EXERCISE REQUIREMENTS >> Each line in the material below, starting at the one that contains "Ivory Mermaid V-Neck" and ending at the one that contains "Ботинки для сноуборда SNOWBOARDS, 39 Уценка!", should be repeated exactly; the pictures should not.

DATA SECTION >>

Start of Block

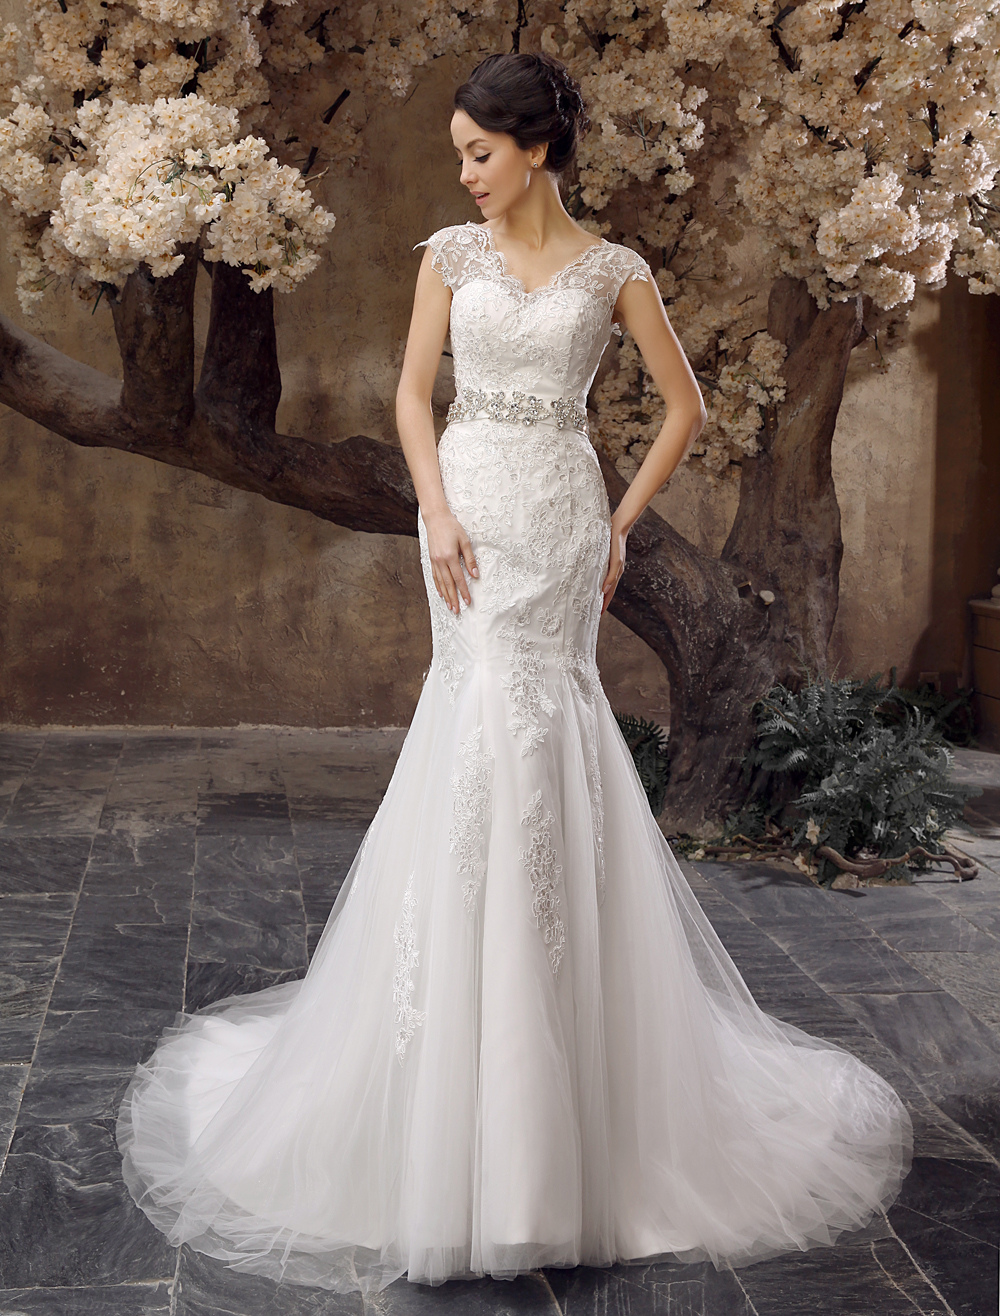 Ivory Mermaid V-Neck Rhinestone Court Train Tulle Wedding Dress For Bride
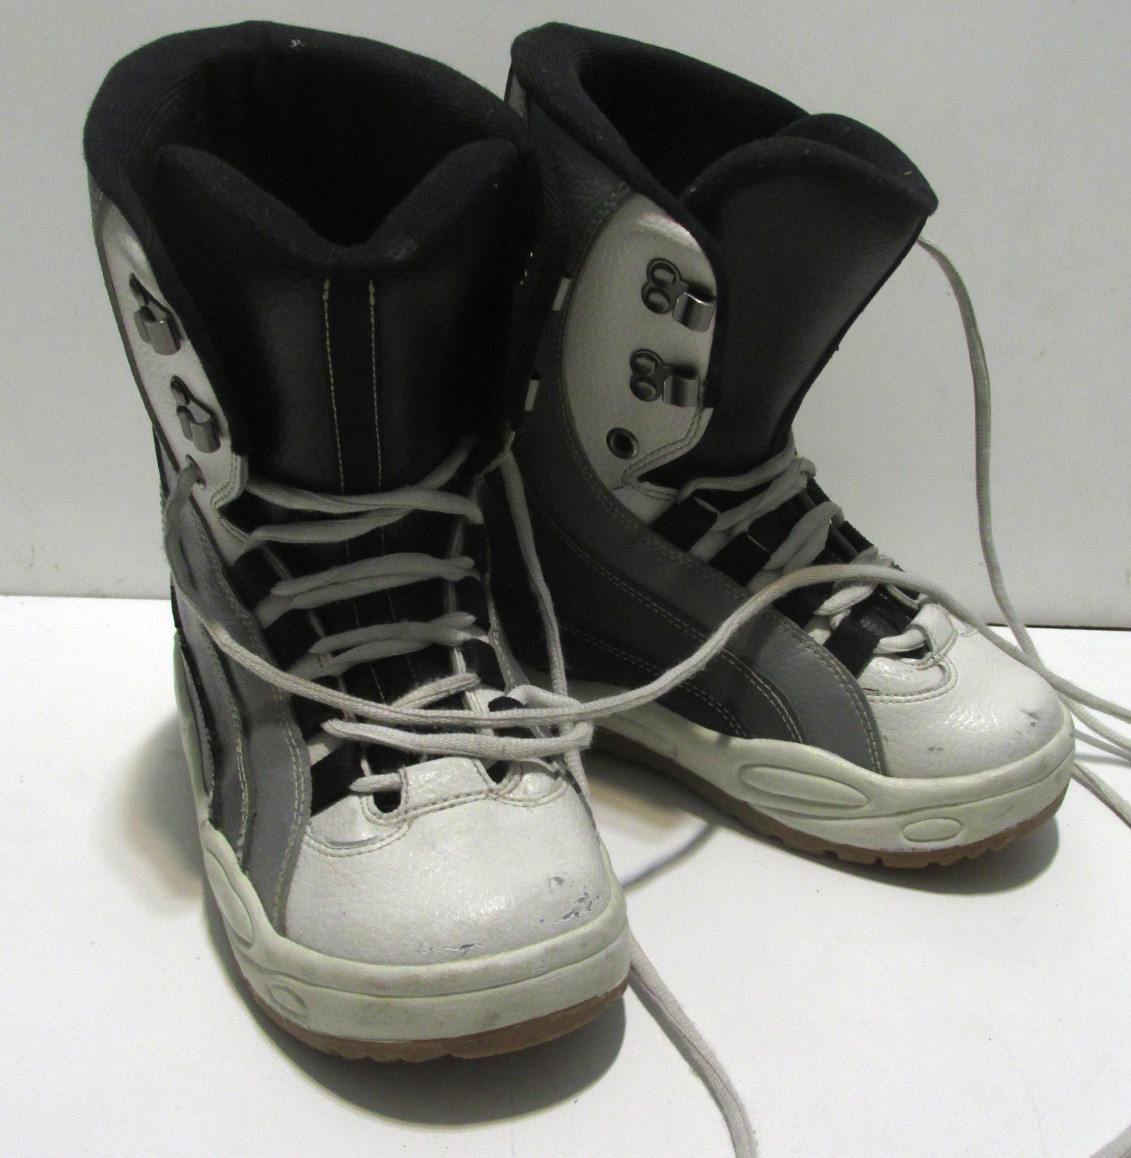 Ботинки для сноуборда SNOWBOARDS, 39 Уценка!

End of Block
Start of Block

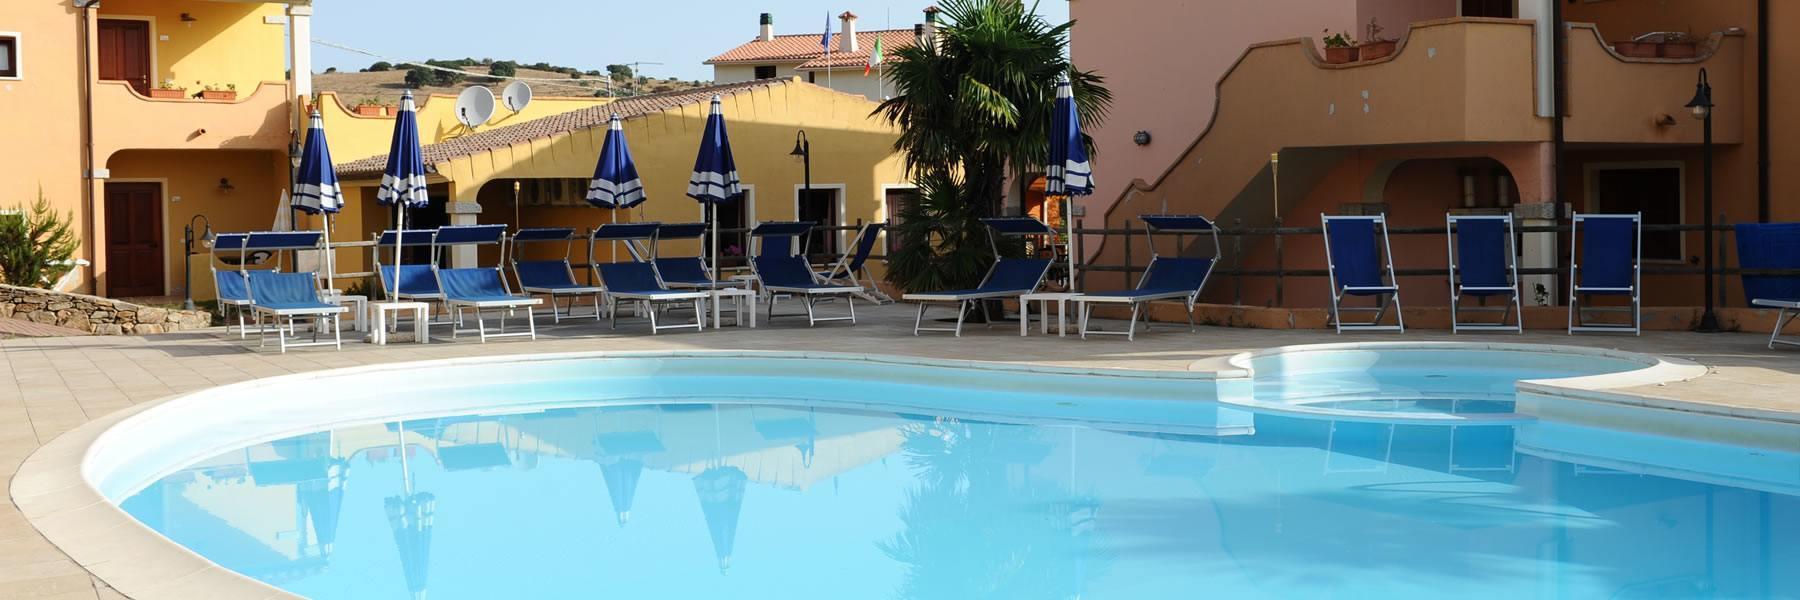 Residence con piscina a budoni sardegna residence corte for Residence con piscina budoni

End of Block
Start of Block

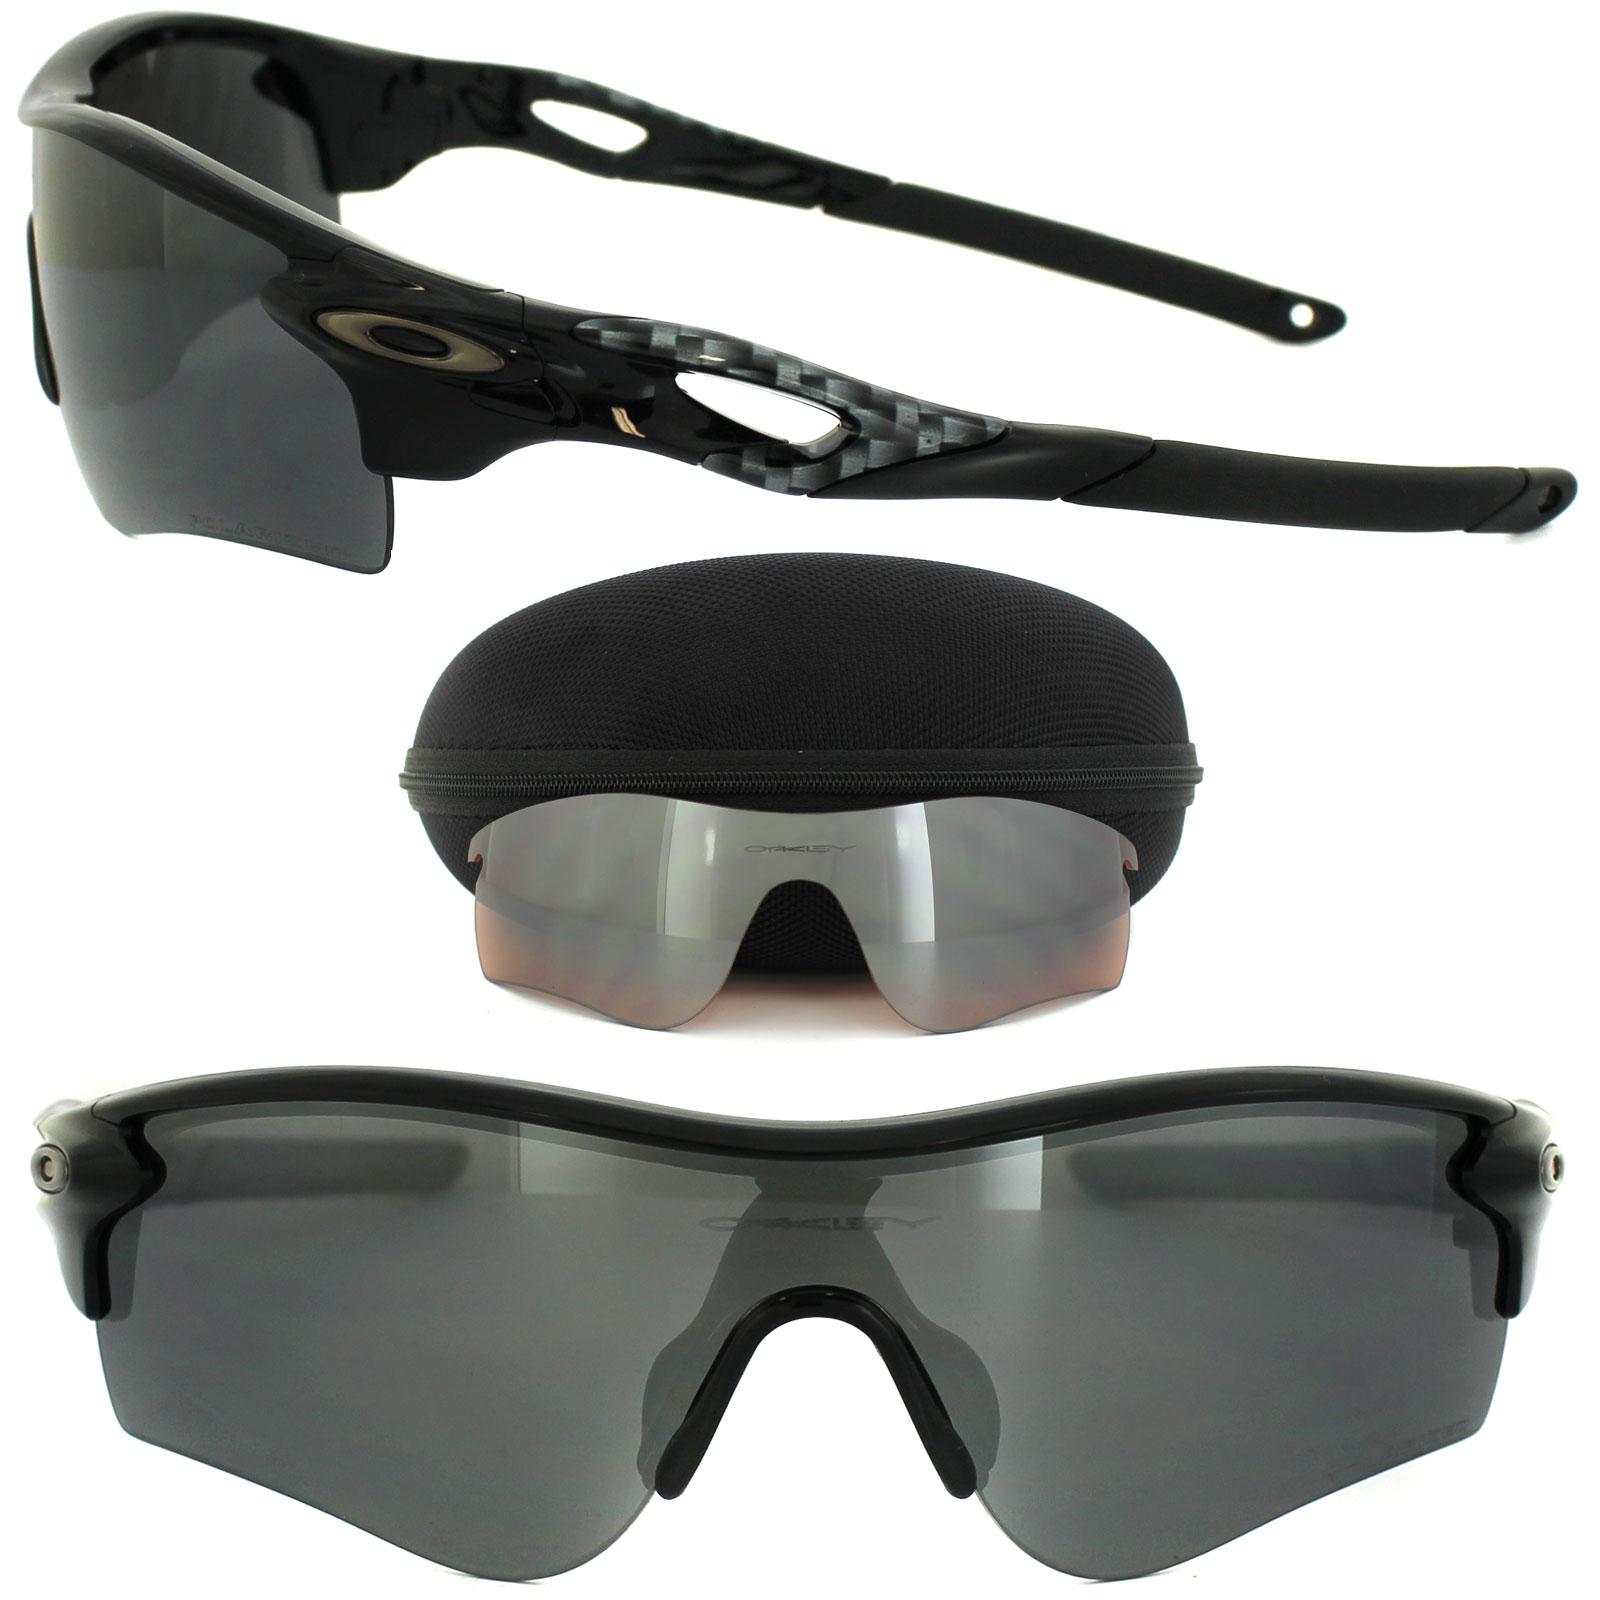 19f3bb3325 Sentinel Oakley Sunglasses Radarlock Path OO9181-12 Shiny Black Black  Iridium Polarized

End of Block

RESULT BELOW >>
 Ivory Mermaid V-Neck Rhinestone Court Train Tulle Wedding Dress For Bride
 Ботинки для сноуборда SNOWBOARDS, 39 Уценка!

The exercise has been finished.